Zoo’s Sunset fundraiser benefits CONAPAC
In this September 2024 issue we share Zoo Education Director Claire Lannoye-Hall's report about Detroit Zoological Society's annual fundraising event.
Once a year, the Detroit Zoological Society hosts Sunset, our largest fundraising event. The evening is filled with great food, drinks, dancing, and, perhaps most importantly, opportunities to engage with Zoo staff about our conservation, education, and animal welfare work. In the last few years, we have included Connection Stations to share the vital work the DZS does that may not be as visible to our guests. The stations exemplify the Zoo's important role in creating meaningful connections between people, animals, and the natural world so all can thrive. This year, the Zoo’s partnership with CONAPAC was featured as one of the Connection Stations during the event.
Three DZS staff members who had traveled to the rainforest to conduct conservation-based partnership work spent the evening sharing the programs that 50 CONAPAC partner communities along the Amazon and Napo Rivers participate in. The Connection Station included a water filtration system from Global Access 2030, the same system used in many smaller communities to ensure families can access safe, clean drinking water in their homes.
We also displayed the folders, notebooks, and coloring books that CONAPAC custom prints with conservation messages for the annual school supply deliveries. These thoughtfully crafted messages are a constant reminder of the incredible responsibility and opportunity the young people in our partner communities have in ensuring they and the rainforest thrive for generations to come.
The final piece of the evening was an opportunity for our Sunset guests to contribute to the conservation work happening in the Amazon. In December 2023, four DZS staff joined the CONAPAC team for a week of planting fruit trees in several communities. The Fruit Tree Planting Foundation, a CONAPAC partner, provided the trees. Read about it.

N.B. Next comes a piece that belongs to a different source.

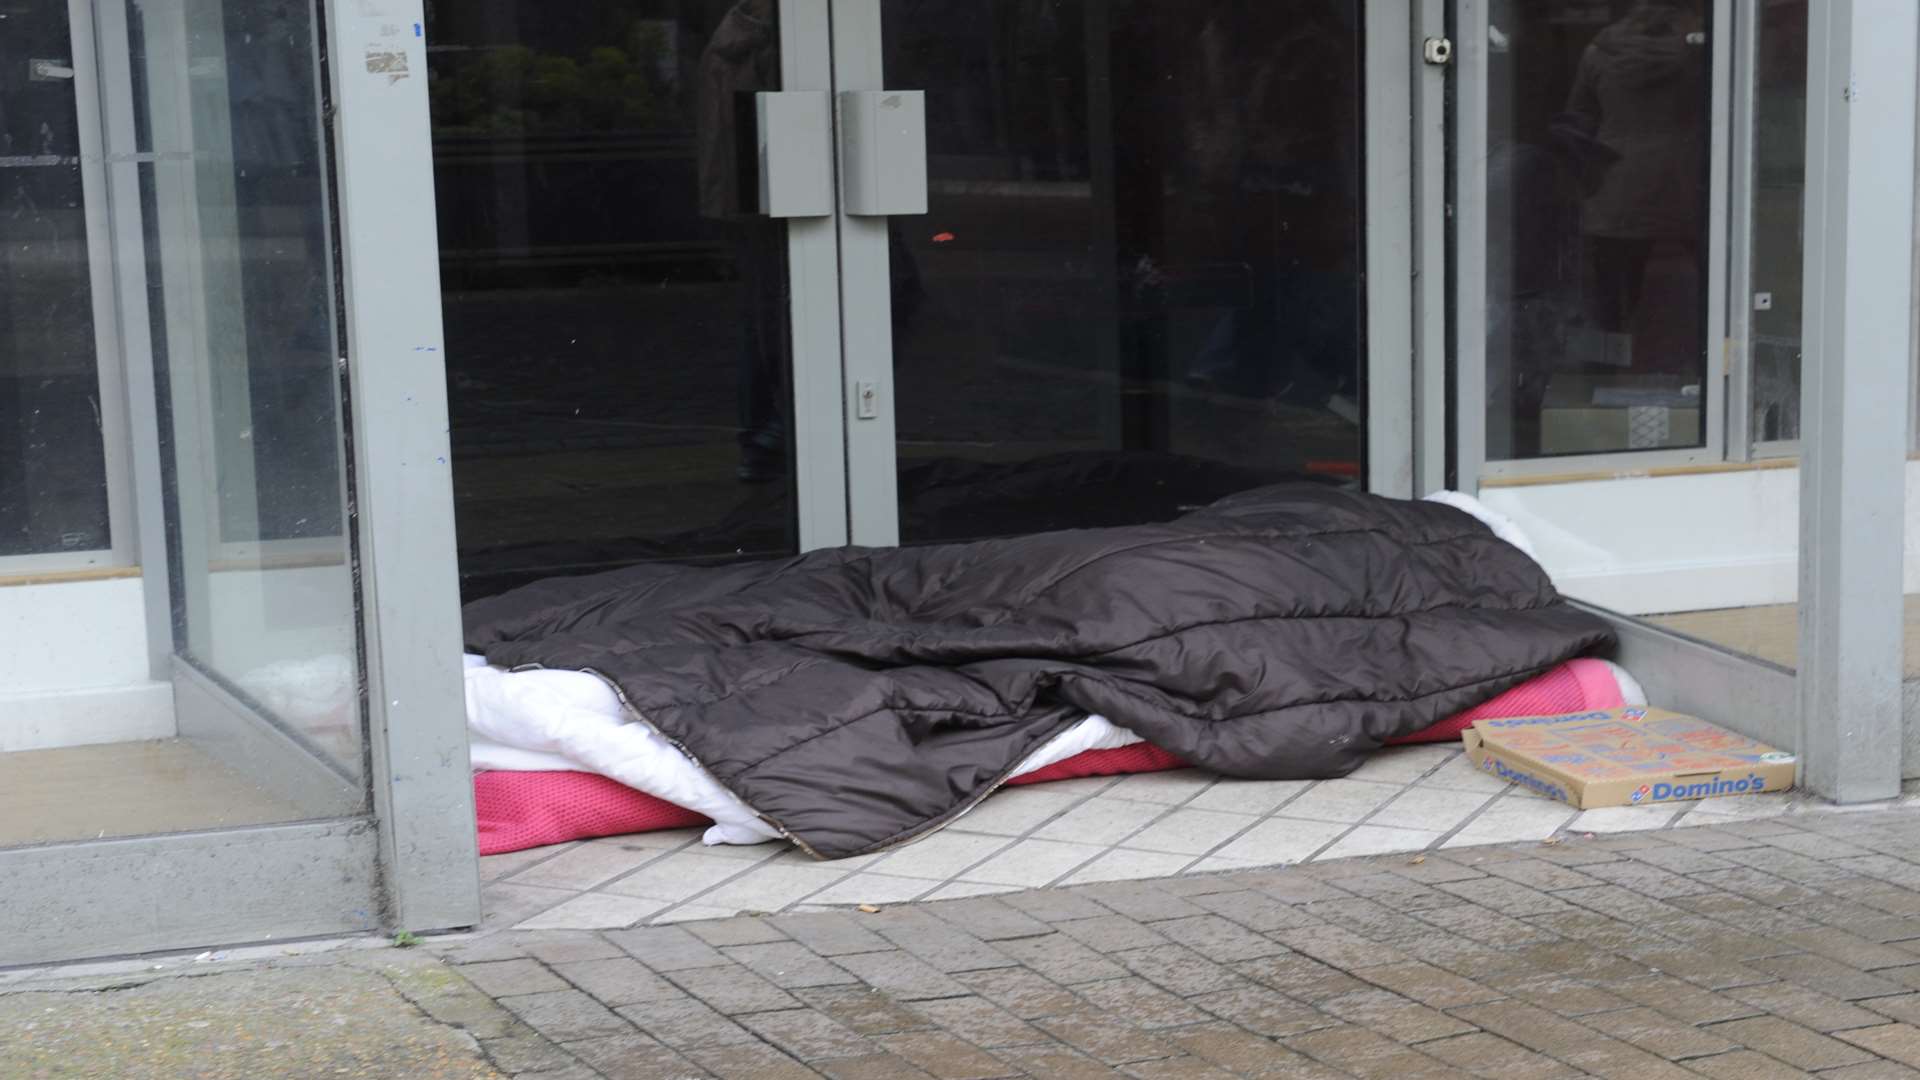 Sight of the homless sleeping rough in Biggin Street, Dover. Archive image

The community of 03 de Mayo presented us with more than a hundred friendship bracelets handmade by parents and children to express their gratitude for the trees. The bracelets were displayed for Sunset guests and provided a conversation starter about the reforestation project, which led to the opportunity to make a $25 donation to choose a bracelet to take home. More than $500 was raised through bracelet donations, paying for close to a thousand more trees to be planted this December.